Profiles are useful to:
- Store and load multiple configurations with ease.
- Duplicate existing settings and create variations.
- Apply custom styles to different scenes (eg. main menu, custom levels, …)
- Alongside the global Quality setting, they can be used to provide different performance options by using or not specific effect parameters (eg. depth of field down-sampling).

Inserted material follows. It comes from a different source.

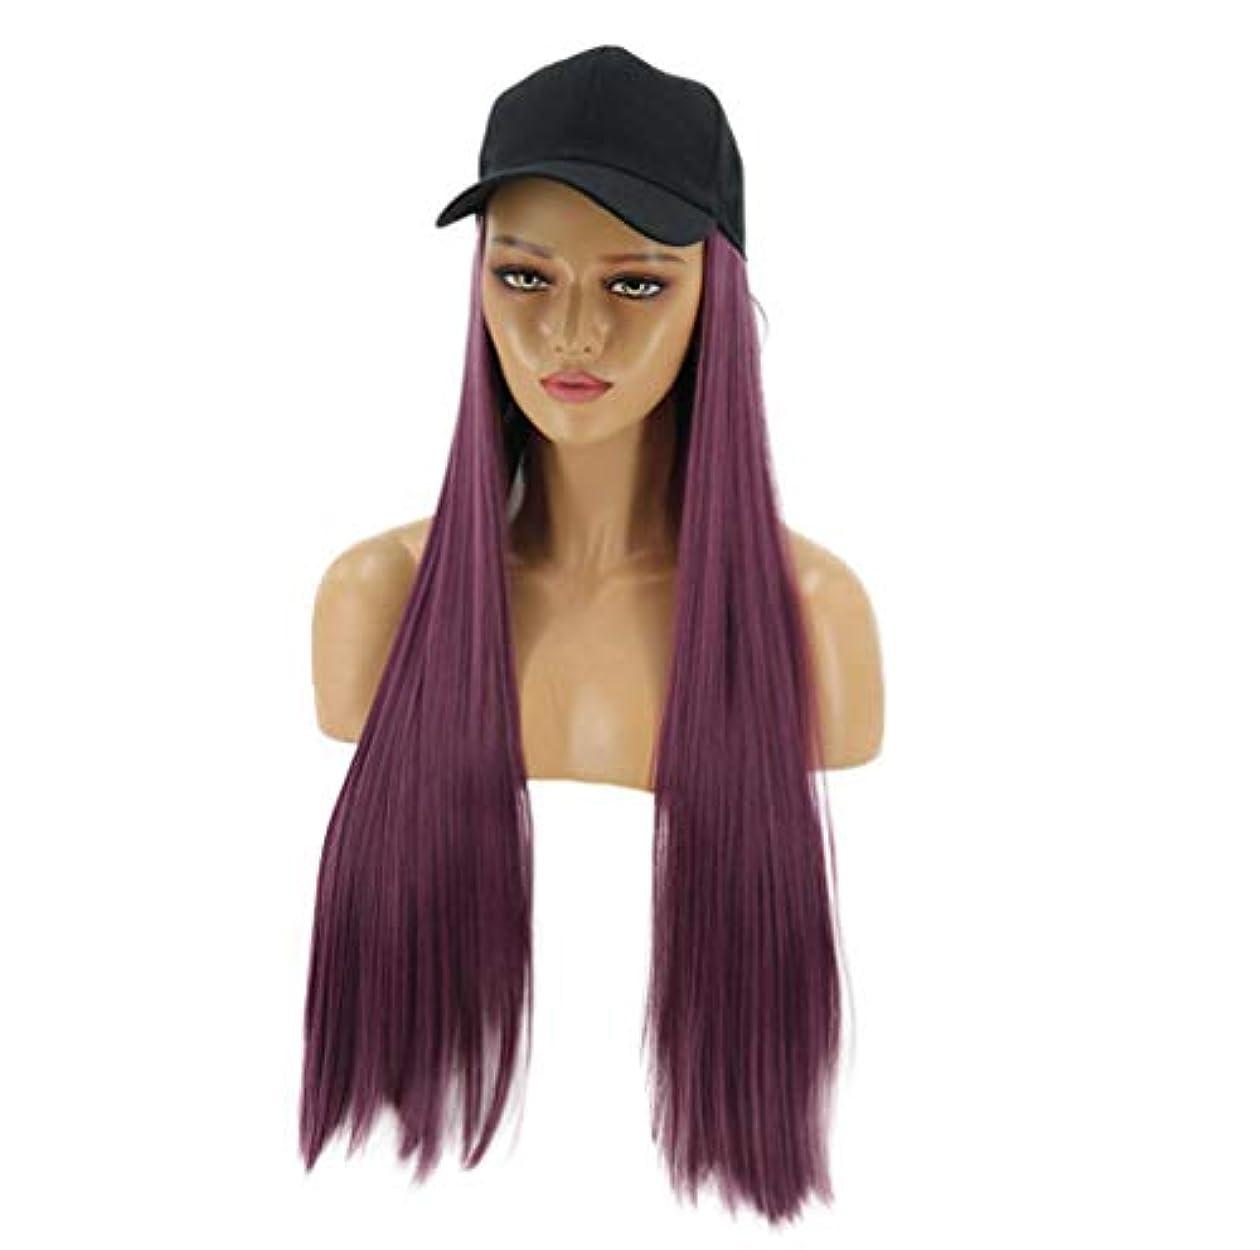 魔女セイはさておき気絶させる女性ロングストレートウィッグキャップロングヘア野球キャップボールキャップカジュアルキャップウィッグ合成かつらヘア耐熱性ナチュラル本物の髪

To create a new profile: click “Create” next to the Profile field in Beautify’s inspector. A new file will be created in the root of your project. This file contains a copy of all settings of Beautify. Rename this file and move it to any folder you wish. The new profile will automatically be assigned so any change you do to the profile will also affect Beautify.
To assign a profile: just drag & drop the profile file to the “Profile” field shown above. It can also be assigned using script:
Beautify.instance.profile = Resources.Load<BeautifyProfile>(“path-to-profile”);
For more examples using Beautify through scripting check out the relevant Scripting Support section.
To un-assign a profile: click on the profile field and hit the “DELETE” key. To completely remove the profile file, your delete the file from the project.
Once a profile is assigned: if you change any parameter in Beautify’s inspector, it won’t change the profile! To apply your changes (and update the profile), click “Apply”. Or click “Revert” to load the profile settings again and reset any changes you made.